Our high-level idea for handling infinitely many tasks is the use of parametric programming. Although we restricted our attention to the problems that can be cast into "piecewise-linear" parametric programming where the computation is quite efficient, the same idea can be naturally extended to more general nonlinear parametric programming situations. In particular, recently proposed approximate parametric programming (with approximation guarantee) is useful for such generalization. In the final version, we will describe our high-level idea, and discuss the possible generalization to other types of MTL methods.

[4-3] The empirical study part is relatively weak

Our main goal is to introduce the parametric task learning (PTL) framework and show that there are many problems which can be naturally formulated as PTL. That is why we provided three simple examples rather than focusing on a single particular application in detail. We will discuss possible real-world applications of our PTL framework in the final version, including the use of joint quantile regression in financial data analysis and other fields.

Reply to Reviewer 5

[5-1] Most instances of parametric task learning is not multi-task learning problems.

We use the term multi-task learning (MTL) in a broad sense to refer to the situations where there are many tasks which are expected to share some common representation. PTL is a generalization of MTL to infinitely many tasks. There are many practical problems that can be naturally cast into the PTL framework (e.g., see [4-3] above).

[5-2] The type of loss functions used in PTL is limited

See our answer to comment [4-2] from Rev 4.

[5-3] The authors should present the detailed optimization procedure

We will describe the detail procedure in step 1 in the appendix of the final version. Thanks for the suggestion.

[5-4] The experiments are not very satisfactory.

See our answer to comment [4-3] from Rev 4.

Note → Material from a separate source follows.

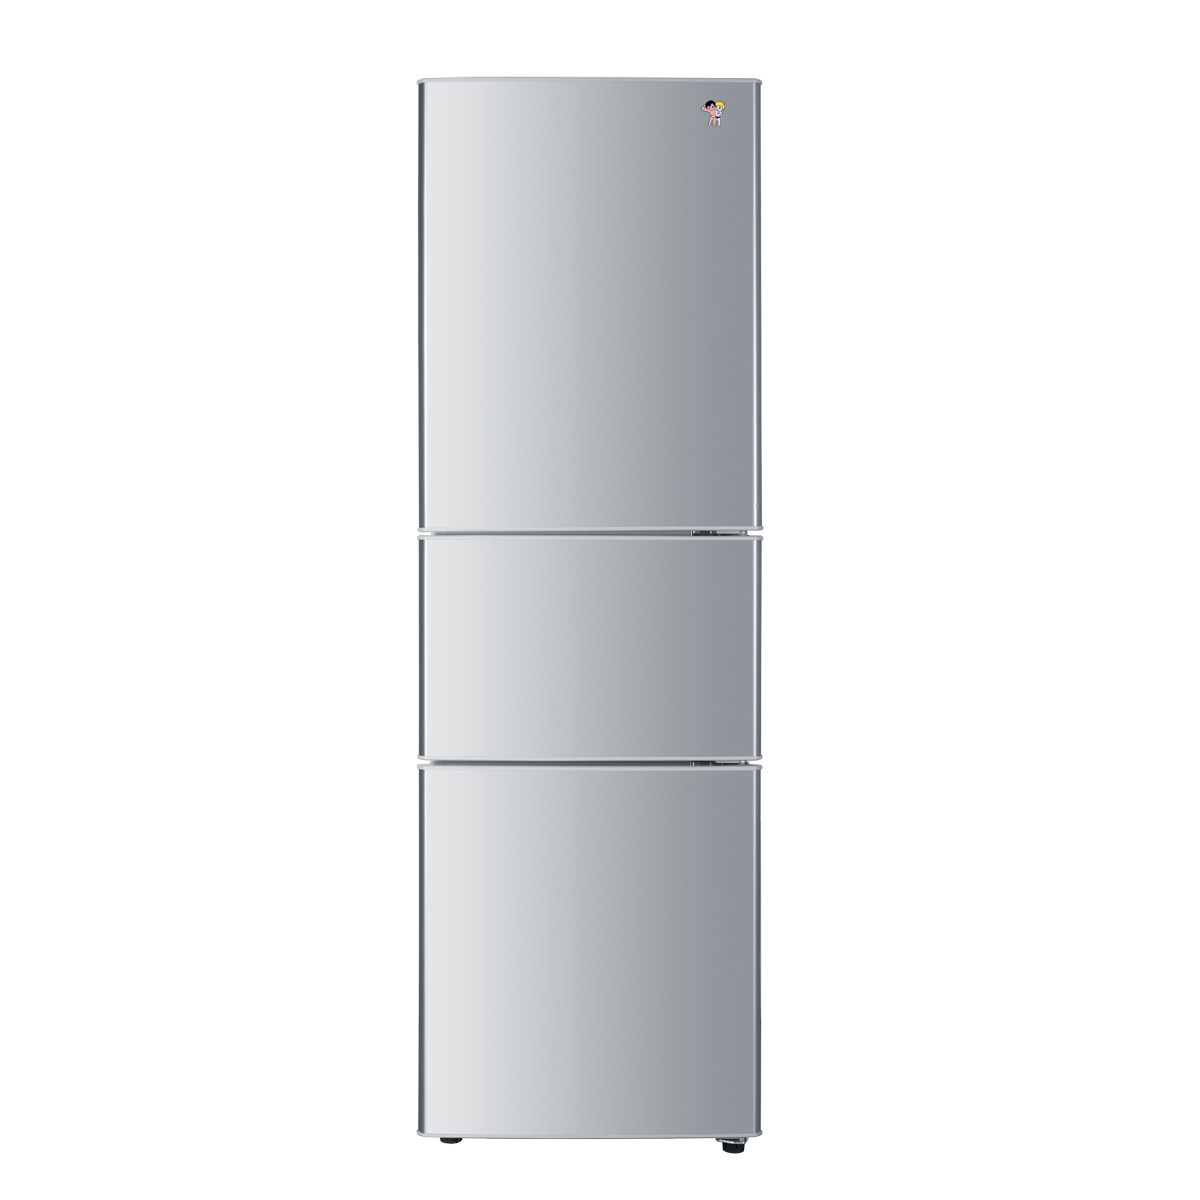 海尔Haier冰箱 BCD-216SZ 说明书

[5-5] comparison with benchmark cost-sensitive methods

Sorry for the confusion. In the experiment, we compared our PTL approach with cost-sensitive SVM ('Ind' indicates cost-sensitive SVM). We will clarify this point in the final version.

[5-6] QR approach in line 365-372 is different from the method described in section 4

Sorry for confusion. In practical applications of quantile regression, it is usually recommended to separately model the homoscedastic part (i.e., conditional mean function E[Y|x]) and the heteroscedastic part, because each part should be often penalized with different magnitudes. In our manuscript, we simplified the description and avoided application-specific details in Section 4 since our objective was to provide examples of PTL. We will clarify this issue in Section 6 of the final version.

Reply to Reviewer 6

[6-1] Standard deviations overlap in Table 1

Thank you for pointing out this. The differences are sometimes not statistically significant. We will clarify this fact in the final version.